Secondly, Australia's lopsided media, dominated by right-wing Newscorp, has also whipped up a climate of insecurity, McCarthyism, and suspicion regarding all things China. This has had a disproportionately negative impact on the Beijing-Canberra relationship.

Thirdly, dubious think tanks such as the Australian Strategic Policy Institute (ASPI), funded by the U.S., and the arms industry have also pioneered the decline in relations and consolidated the anti-China narrative.

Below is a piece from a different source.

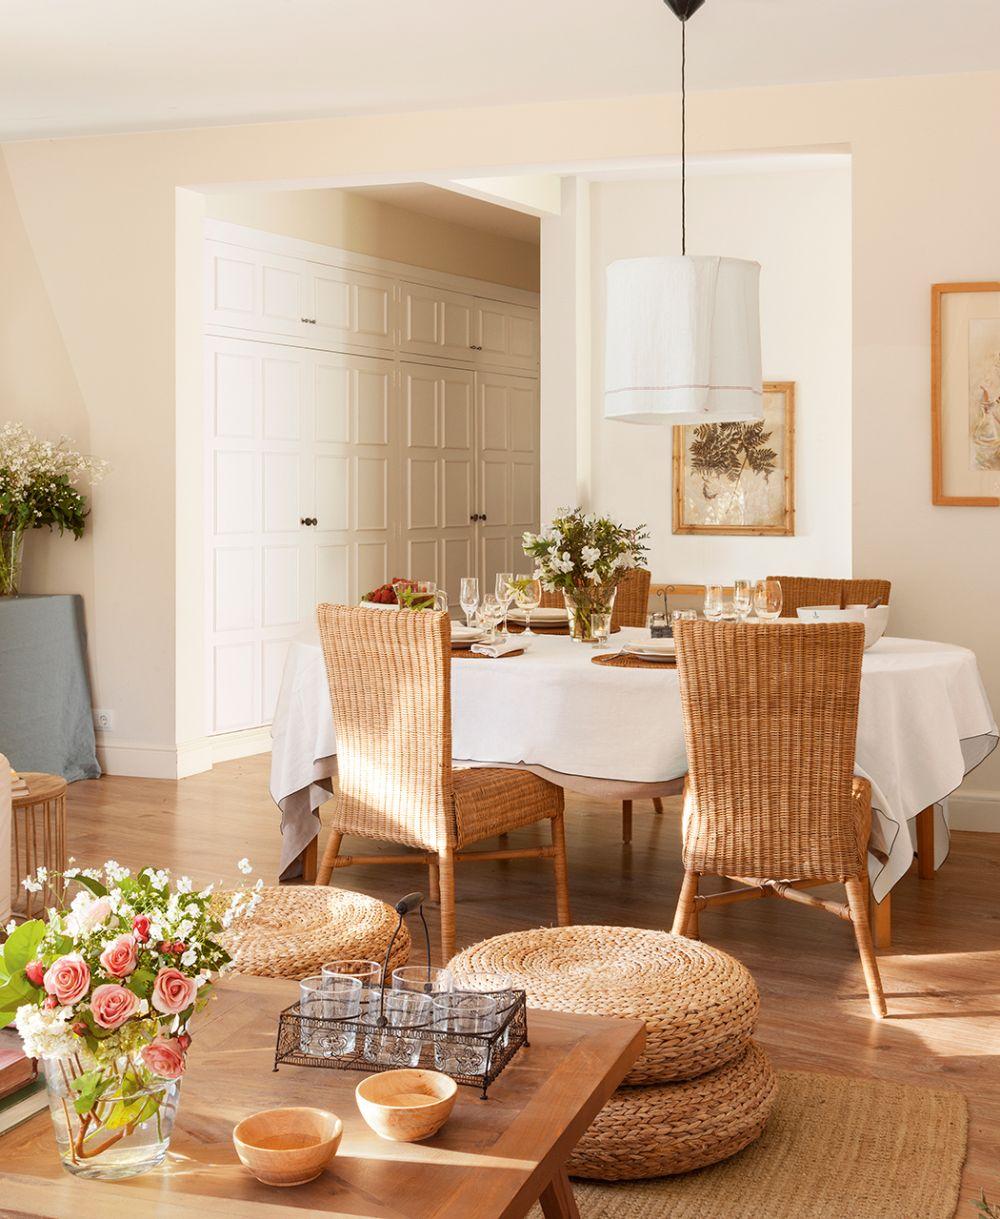 adelaparvu.com despre casa luminoasa Spania, decorator Marta Negra, Foto ElMueble, Fernando Bedon (1)

The office building where the Australian Strategic Policy Institute is located, in Canberra, Australia. /Xinhua

The office building where the Australian Strategic Policy Institute is located, in Canberra, Australia. /Xinhua

The combination of these factors has stifled any reasonable, balanced, and moderate outlook in Canberra's view and debate concerning Beijing and led to the collective bullying, harassment, and insinuation of anyone who has attempted to advocate a level-headed view or question the dominant narrative.

Thus, China aptly blames Australia for a Cold War mentality. In this case, Beijing does not see fit to increase economic engagement and strategic dialogue with a country that maintains a belligerent attitude against it.

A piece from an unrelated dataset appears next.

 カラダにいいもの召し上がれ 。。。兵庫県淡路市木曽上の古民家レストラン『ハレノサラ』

U.S.-sponsored think tanks like to dub China's treatment of Australia as "economic coercion." But this is a misleading, one-sided term that advocates that hostile countries have the right to profit from China's markets whilst treating it like an enemy, a logic comparative to the notorious Opium Wars.

Beijing would like to be reasonable and open in its relationship with Canberra, but Australia's behavior ultimately gives it little other choices. These decisions are purely retaliatory.

When Australia drops its comprehensive paranoia and conducts its relationship with China with reason and moderation, Beijing will be ready to talk. However, if it continues on this path and if Canberra likewise decides to tear up the Darwin Port lease, China will have no other option but to respond further to safeguard its interests. Australia cannot both have its cake and eat it too.